▸ **Problem to solve**:
Print the whole listing again exactly as it stands, leaving out any images.

▸ **Given material**:
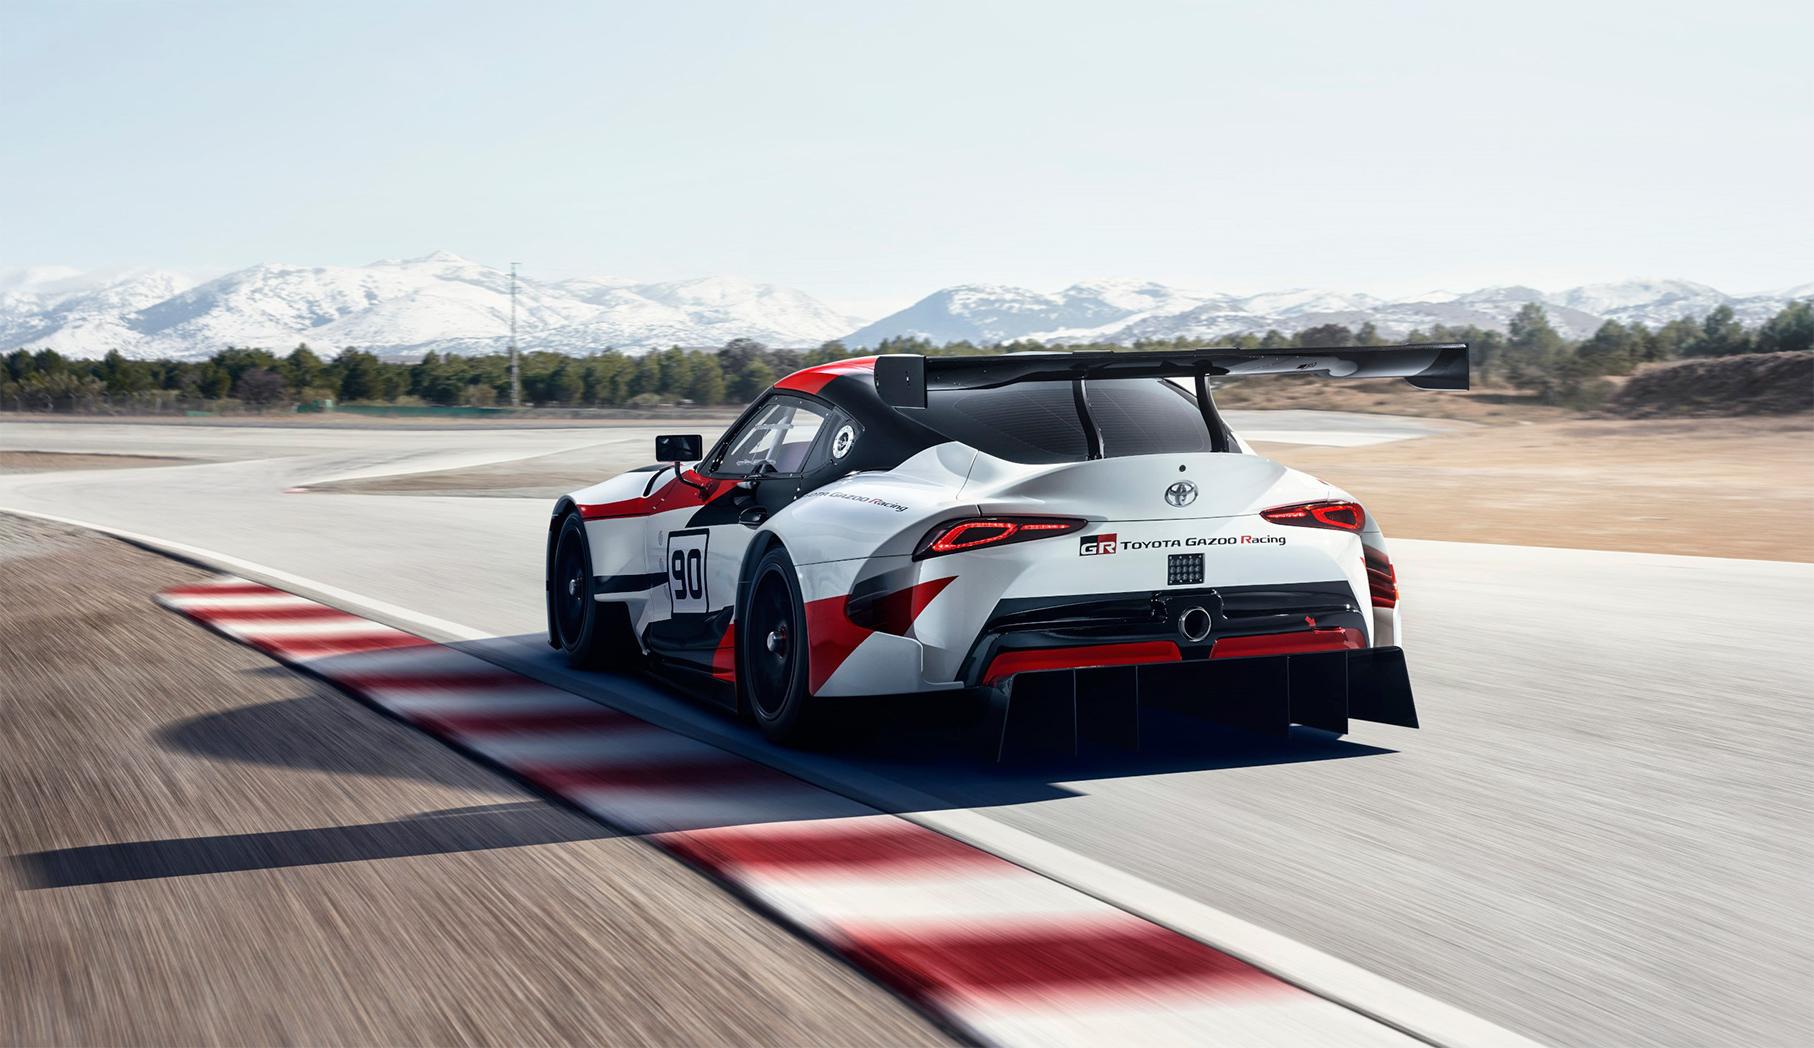 TrackWorthy - TOYOTA GAZOO Racing GR Supra Racing Concept (2)
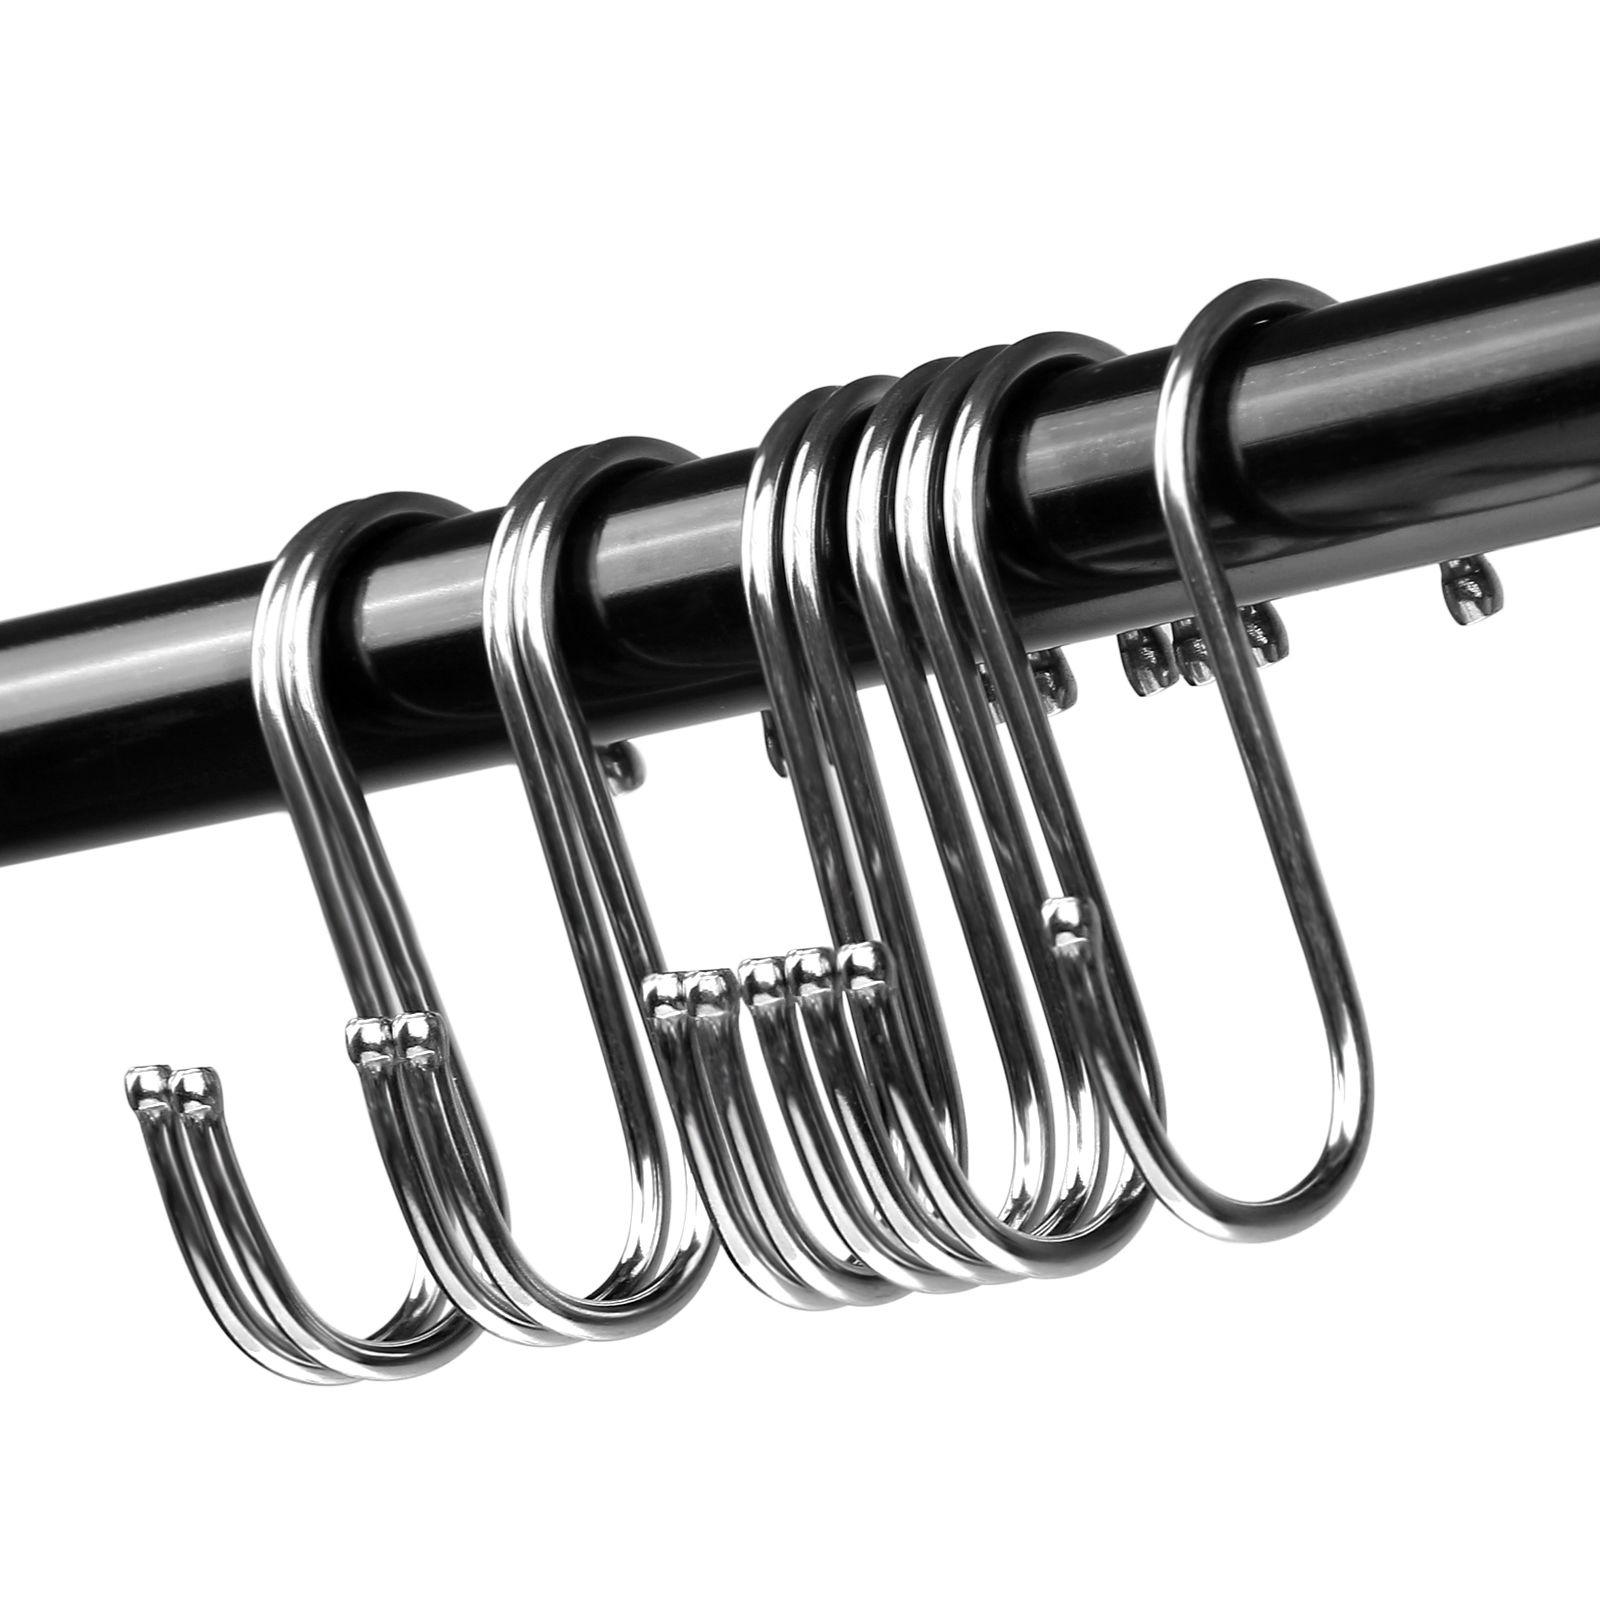 5x stainless s hooks kitchen pot pan hanger clothes storage rack hanging hooks ebay. Black Bedroom Furniture Sets. Home Design Ideas
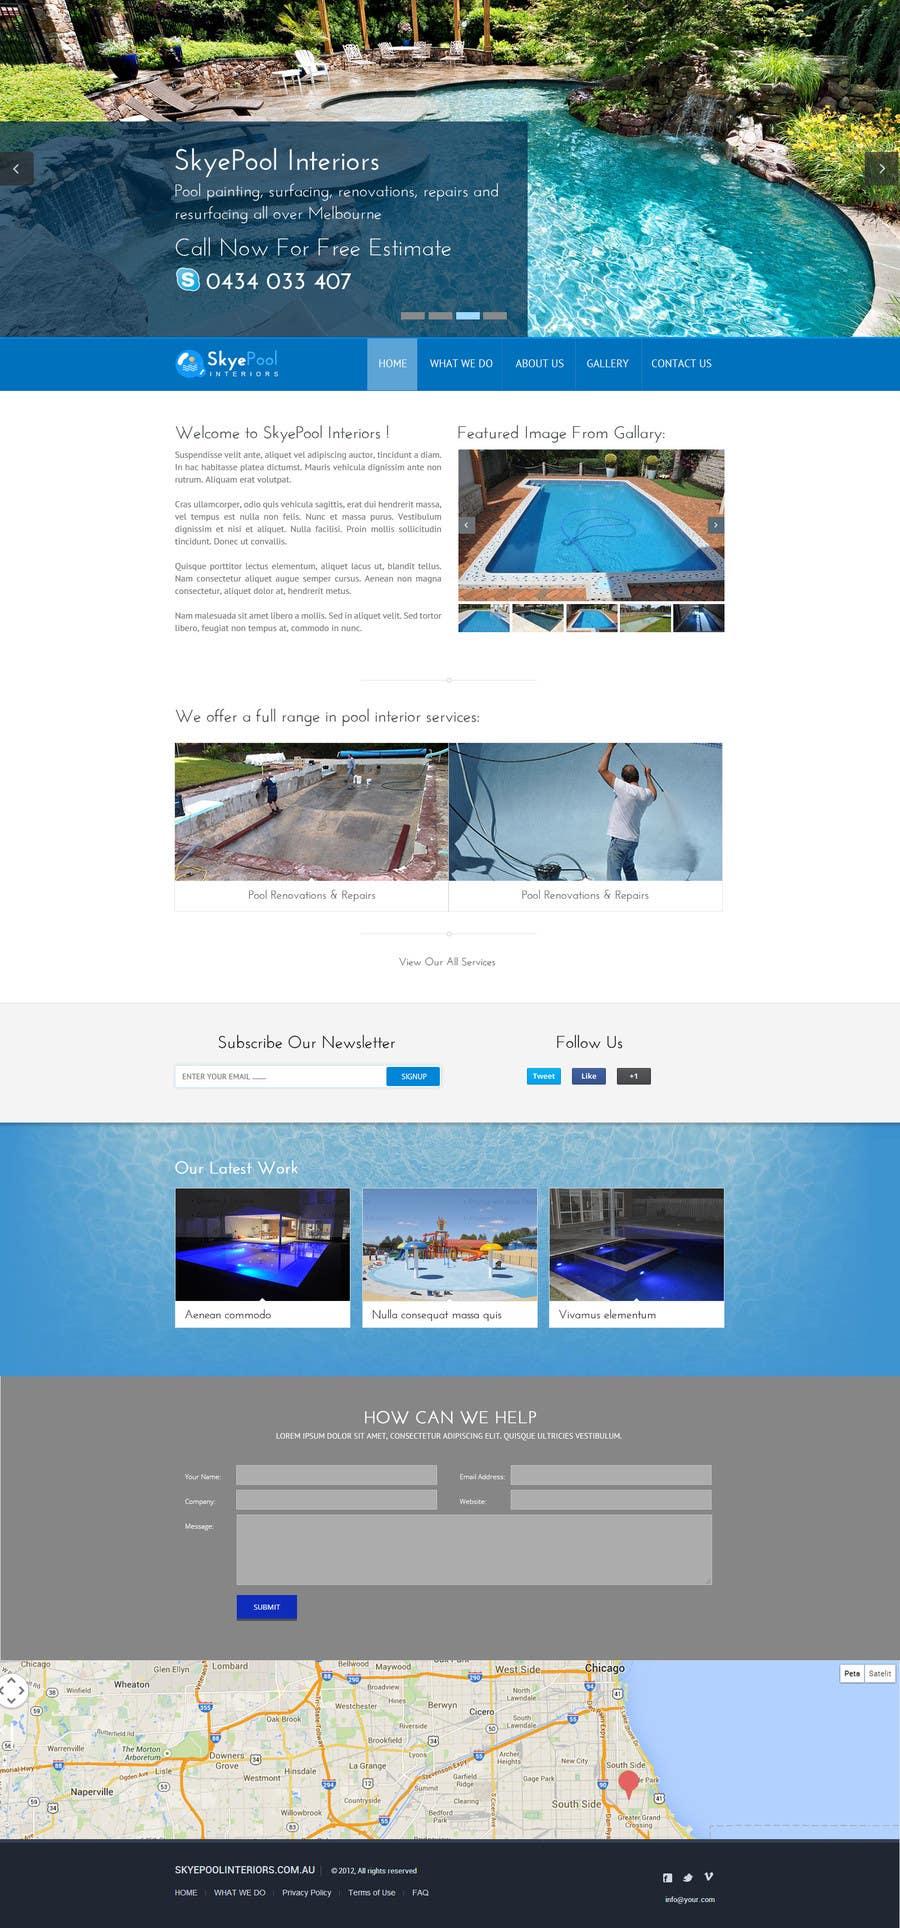 Bài tham dự cuộc thi #                                        41                                      cho                                         Design a Website Mockup/Including Logo for Pool Renovation company
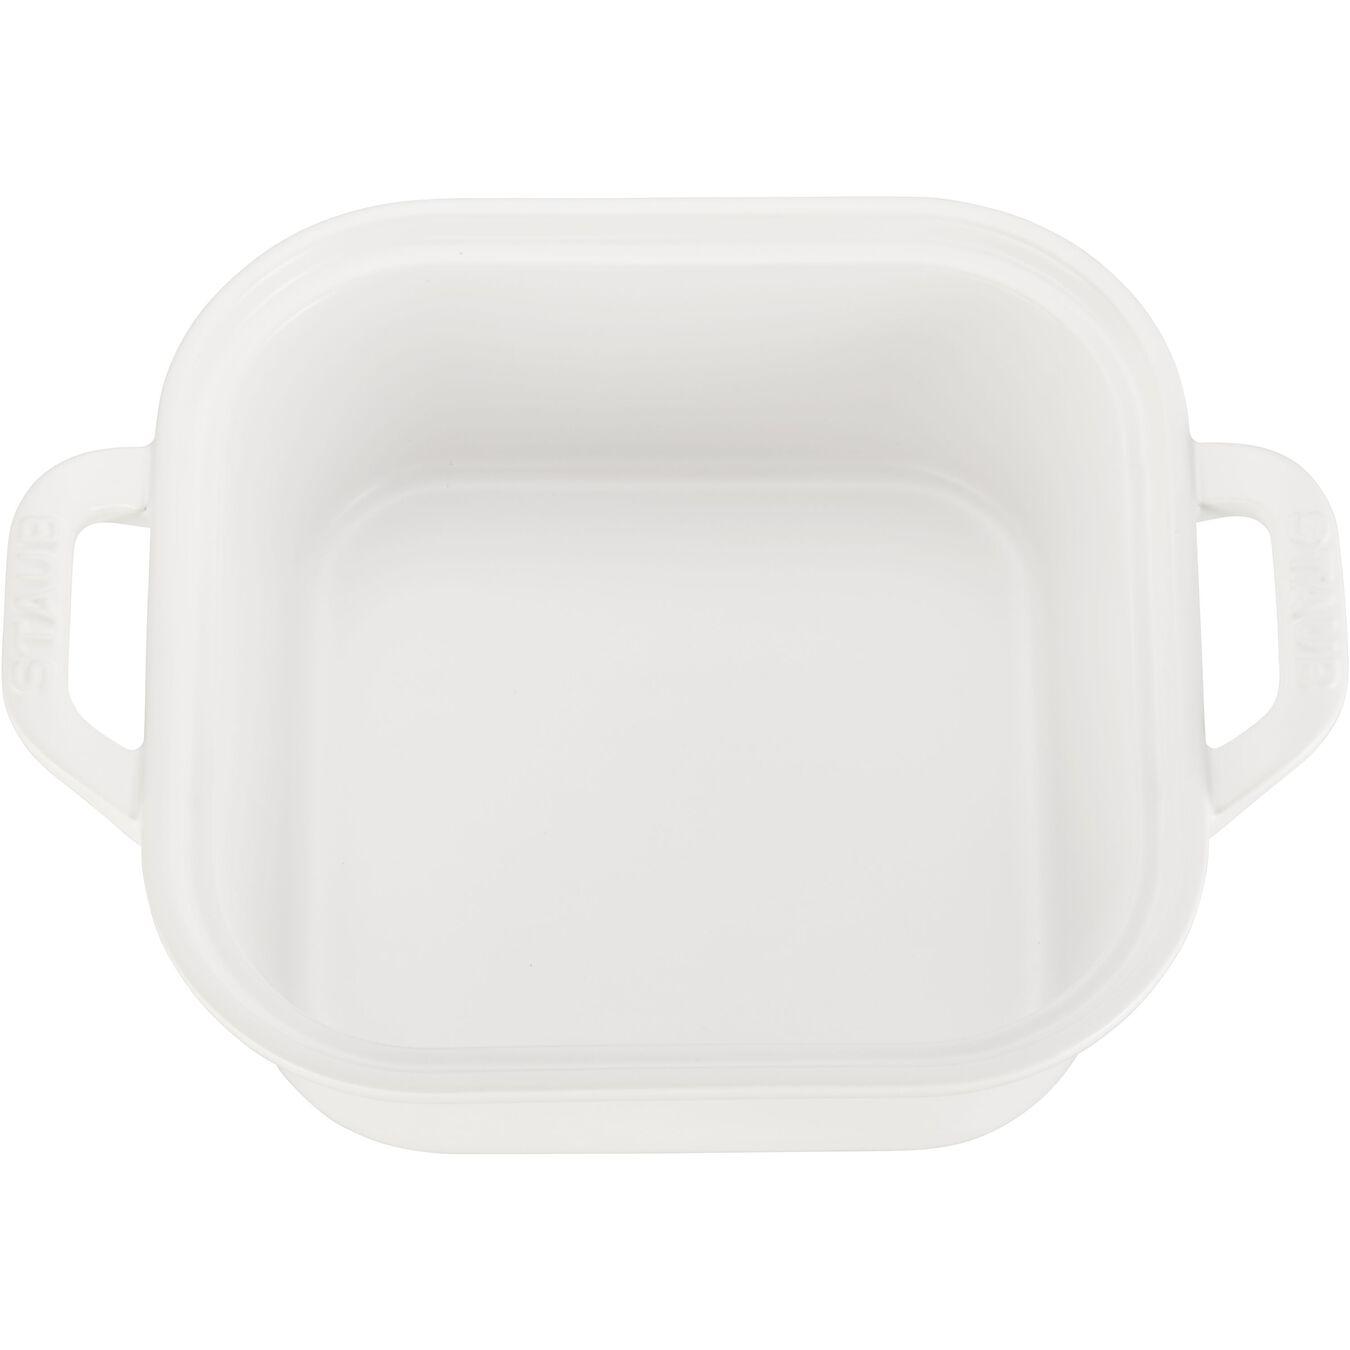 Ceramic square Special shape bakeware, matte-white,,large 4

▸ **Task output**:
 TrackWorthy - TOYOTA GAZOO Racing GR Supra Racing Concept (2)
 5x stainless s hooks kitchen pot pan hanger clothes storage rack hanging hooks ebay. Black Bedroom Furniture Sets. Home Design Ideas
 Bài tham dự cuộc thi #                                        41                                      cho                                         Design a Website Mockup/Including Logo for Pool Renovation company
 Ceramic square Special shape bakeware, matte-white,,large 4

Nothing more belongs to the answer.